Purtroppo non lo fece.
Un silenzio spaventoso colmava il reparto che solitamente era animato dalla voce di Rachel e da chiunque altro venisse per far visita a Barnes. Nessuno varcò la soglia della sua porta, nessuno di familiare, nessuno che fosse Steve. Era come se tutti volessero nascondergli qualcosa; Logan assieme alla ragazza non erano usciti nemmeno una volta dalla loro camera, altrettanto avevano fatto Erik e Charles. Del gruppo di tirocinanti di Steve nemmeno l'ombra, e Peter era sparito nel nulla.
James aveva momenti di totale ansia e terrore, ed altri molto meno buoni in cui era totalmente assolto nei suoi pensieri, dimenticando come andasse la situazione. Timidamente, il cigolio della porta lo fece voltare in direzione della dottoressa Romanoff, che entrò in silenzio e con la testa china. Le mani erano aggrovigliate lungo la vita, e davanti agli occhi stanchi alcune ciocche rosse coprivano due profonde occhiaie. Bucky sorrise, scuotendo la testa; ricordava quella donna, ma purtroppo il suo nome era qualcosa che gli sfuggiva sempre. La osservó serenamente, in attesa che lei aprisse bocca e gli dicesse quello che aveva da dire. Natasha fece silenzio per pochi istanti, come se dovesse cercare le parole fuggite ormai lontane. Si schiarì la voce, e parlò con tono rauco e basso:
«James...» quando si accorse che il paziente difronte ai suoi occhi non aveva la più pallida idea della provenienza di quel nome, dato soprattutto il fatto che mai nessuno lo chiamava così, si corresse con un sorriso amaro; «Bucky. Sono venuta a dirti una cosa molto importante.»

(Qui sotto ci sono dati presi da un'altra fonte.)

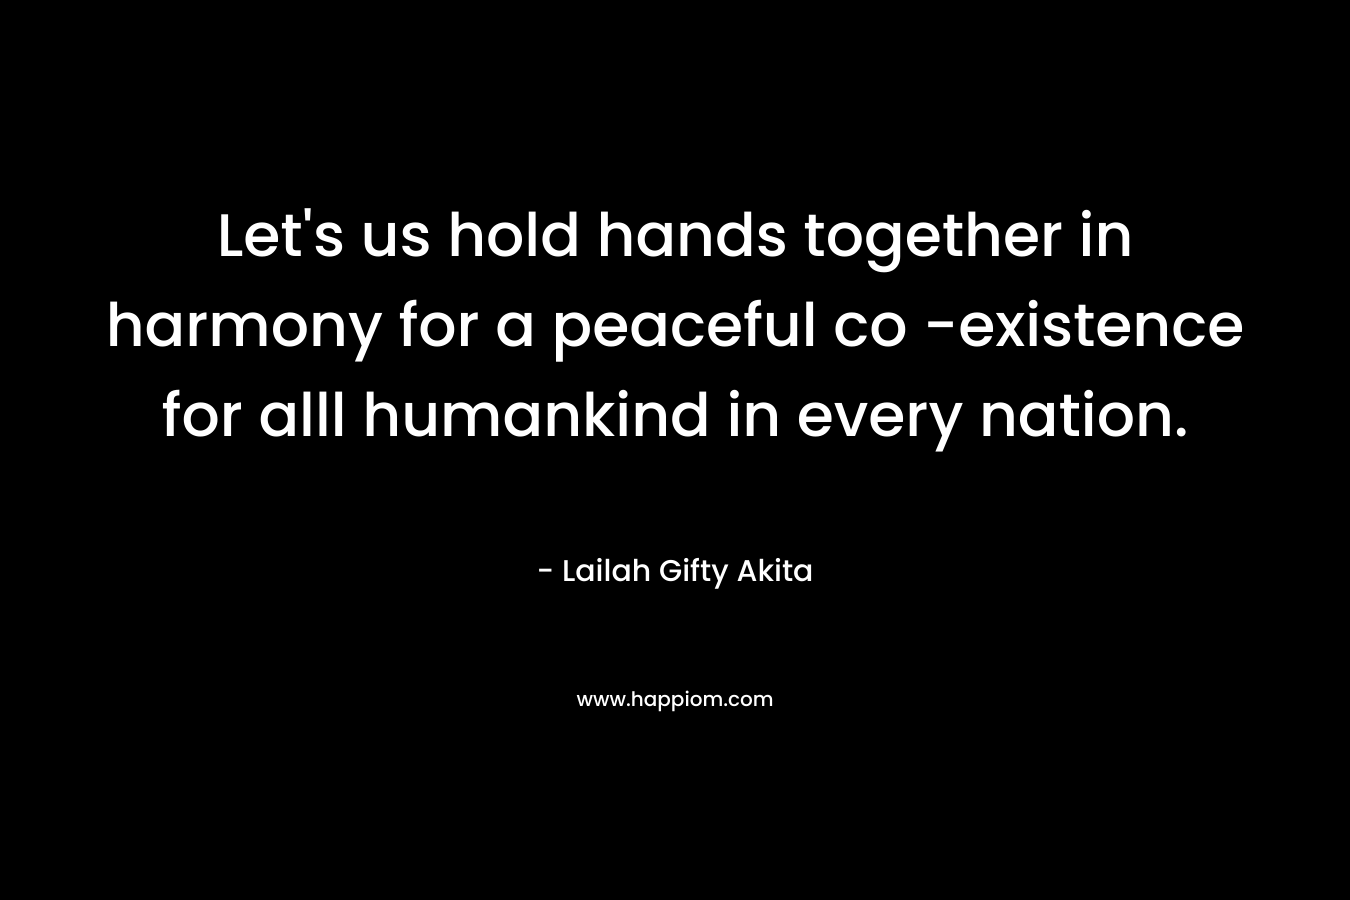 Let's us hold hands together in harmony for a peaceful co -existence for alll humankind in every nation.

Lui scosse la testa sorridendo e domandando: «Cosa? Steve ritarderà ancora? ci sta mettendo una vita.»
«Ecco, riguarda proprio Steve.»
Un nodo alla gola fece abbassare il tono di voce della dottoressa, e Bucky aggrottò la fronte agitato. Sapeva che Steve fosse andato in missione, ma la sua mente poco affidabile lo stava auto convincendo che non si trattasse di nulla di tanto preoccupante.
«Cosa gli è successo?» gli domandò Bucky. Scese dal letto e si avvicinò a Natasha con più serietà e con fare zoppo e sbilenco. Gli occhi chiari della donna si fecero lucidi, era strano, non era la prima volta che comunicava notizie simili, ma quella volta si trattava di una persona cara, di qualcuno che lei conosceva bene.

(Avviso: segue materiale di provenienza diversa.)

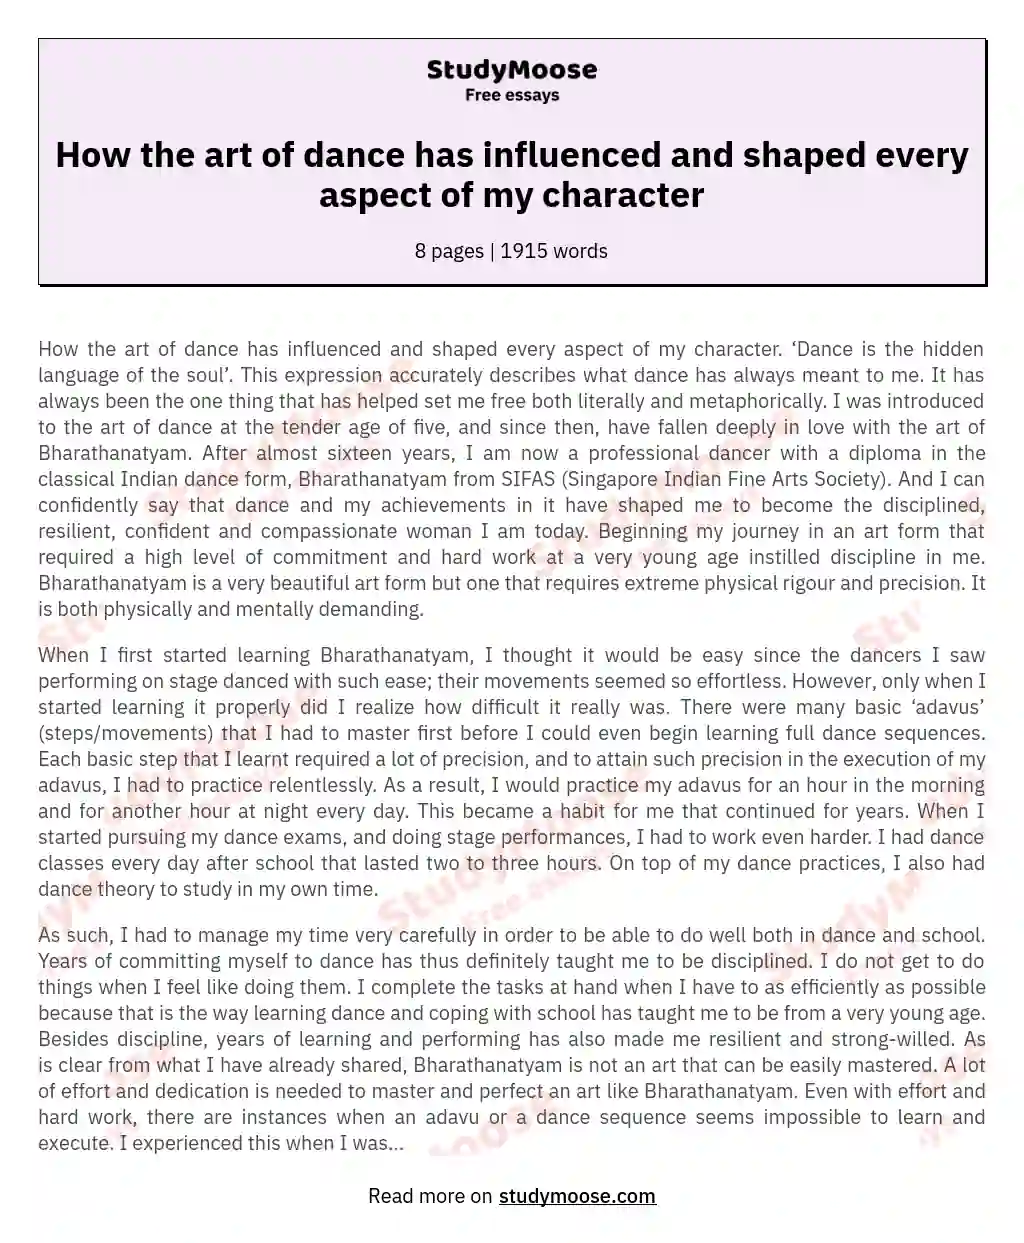 How the art of dance has influenced and shaped every aspect of my character essay

«Steve è venuto a mancare alle dieci di questa mattina; durante l'attentato c'è stata una sparatoria, ed un colpo d'arma da fuoco lo ha colpito alla testa. In ospedale è stato indotto il coma farmacologico, e poche ore fa' ha avuto un arresto. Non c'è stato nulla da fare.»
Una lacrima rigò le guance bianche di Natasha, e le sue parole fecero calare nuovamente quel silenzio pungente. A Bucky sembró di morire, improvvisamente tutto il dolore e le sue esperienze difficili si fecero spazio tra i ricordi; ricordò il dolore al petto di quando aveva avuto l'infarto, e quello del braccio quando il treno lo aveva tranciato di netto. Insieme erano davvero tanto dolore, che però non rendeva eguali a quello che gli era appena stato comunicato. La stanza iniziò a girare intorno a lui, la vista si appannò di lacrime, e il suo respiro fu bloccato come se avesse una busta di plastica in testa, e stesse soffocando lentamente.
«No, non è possibile, lui mi aveva detto che sarebbe tornato, non può essere morto.» balbettò velocemente in preda allo shock, gesticolando con la mano e muovendo la testa ovunque, in cerca di qualcosa di stabile a cui aggrapparsi.
«Mi dispiace tanto, davvero...»
«Perché non me l'avete detto prima?! Perché non mi avete dato la possibilità di vederlo?!» iniziò ad alzare la voce, disperatamente.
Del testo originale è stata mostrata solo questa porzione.